Bu yıl projenin birinci etap uygulamasının Ongözlü Köprü ve Kırklar Dağı eteklerine kadar sınırlı kalacağını ancak genel imar projesinin bin 98 hektarlık Dicle Vadisini kapsadığını kaydeden Temel, Hevsel Bahçelerinin dışında Kırklar Dağını içine alan bir alandan söz ettiklerini söyledi.
Temel, Dicle Vadisinin yeşil alan için bulunmaz bir nimet olduğuna dikkati çekerek, şunları kaydetti:
"Rezerv alanının içinde yer aldığı için Kırklar Dağı ile ilgili, Çevre ve Şehircilik Bakanlığı inisiyatif kullanmayı düşünüyor. Süreç neyi getirir henüz bilmiyoruz. Uygulama projeleri bitme aşamasında. Birkaç hafta içinde Bakanlıktan bir heyet ilimize gelecek. Dicle Vadisi Projesi tamamen bir doğa parkı, yeşil alan çalışmasıdır. Herhangi bir konut, villa tarzı bile olsa bir yapı stoğu öngörmüyoruz. Kentin nefes alacağı bir yeşil alan oluşturacağız. Milyonlarca ağaç ekmeyi düşünüyoruz. Alanın rezerv alanı ilan edilmesiyle ilgili bir rahatsızlık var ancak 6306 sayılı Kentsel Dönüşüm Yasası, Afet Yasasıdır. Bu yasa bazı prosedürleri kolaylaştırmak adına, çalışmaları kolaylaştırmak için bu yasanın ilgili maddesinden istifade ederek rezerv yapı alanı ilan edildi. Bu kaygıları defalarca dile getirdik ancak söz konusu alanda Diyarbakır'ın nefes alacağı bir akciğer yaratacağız. Dicle Vadisinin başkalarına terk edildikçe bu hale geldiğini düşünüyoruz. Kırklar Dağının olduğu bölge, Bakanlığın ilk projesinde özgürlük meydanı olarak planlanmış, bir radyo istasyonu kurulması düşünülmüş ancak şu anda orada binalar yükseliyor. Bunları sorgulamak lazım. Gölet yapılması planlanan bölgede balık çiftlikleri var ki çiftlik olduğu tartışılır."

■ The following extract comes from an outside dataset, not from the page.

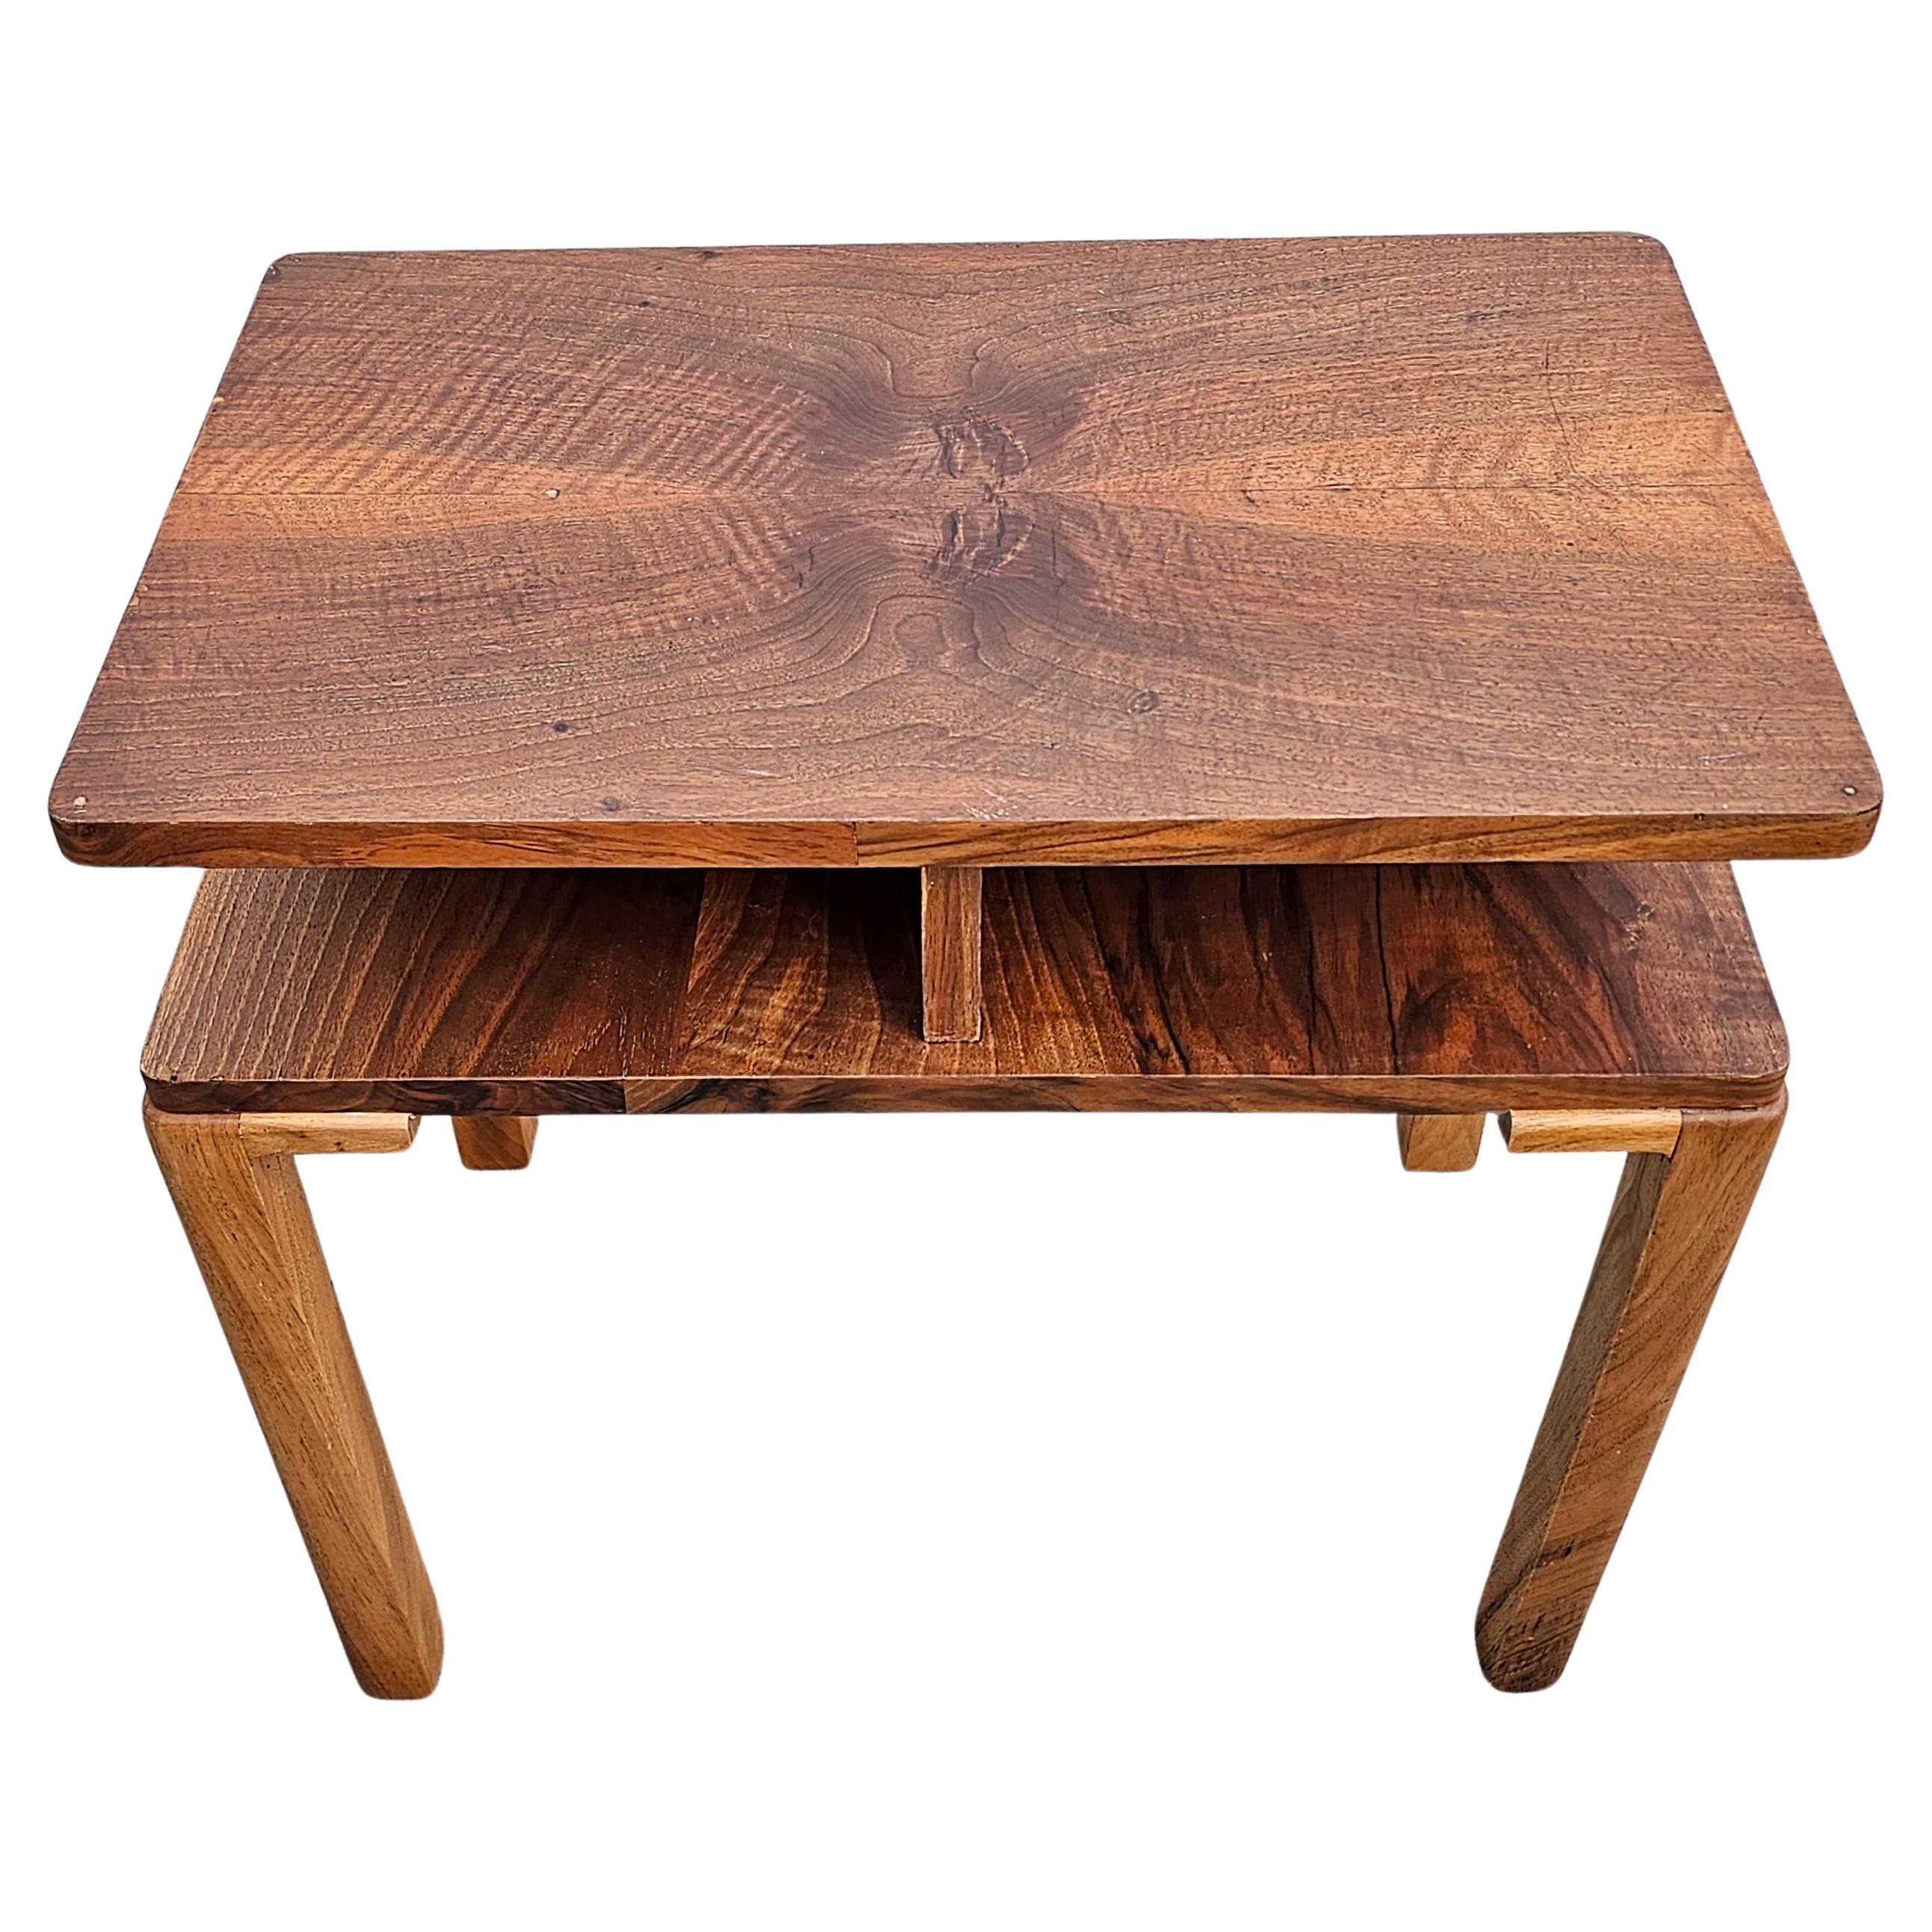 Rectangular Two Tiered Art Deco Walnut Side Table, Austria 1930s For Sale
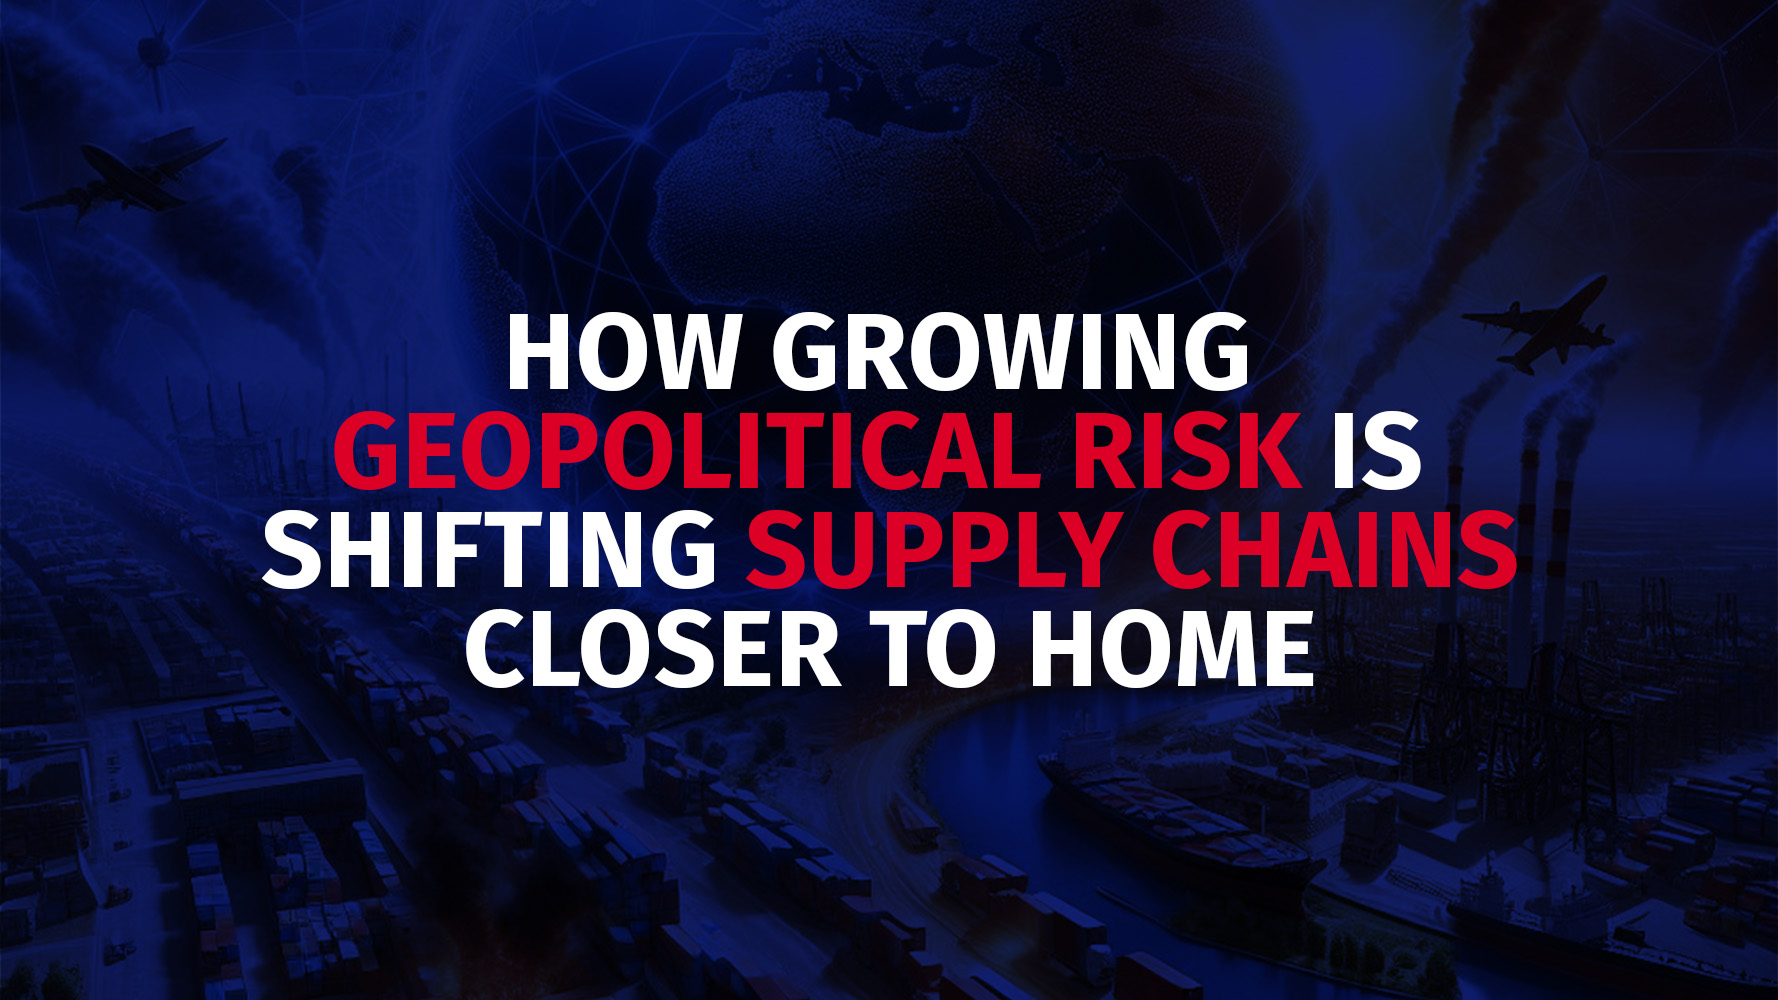 How growing geopolitical risk is shifting supply chains closer to home

Basın açıklaması sırasında, Orman İşletme Şube Müdür vekili Ayhan Ziro, Doğa Koruma Milli Parklar Şube Müdürü Erdal Seven, Tıp Fakültesi Halk Sağlığı Anabilim Dalı Öğretim Üyesi Ali Ceylan ve İl Afet ve Acil Durum Müdürü Soner Tüter de hazır bulundu.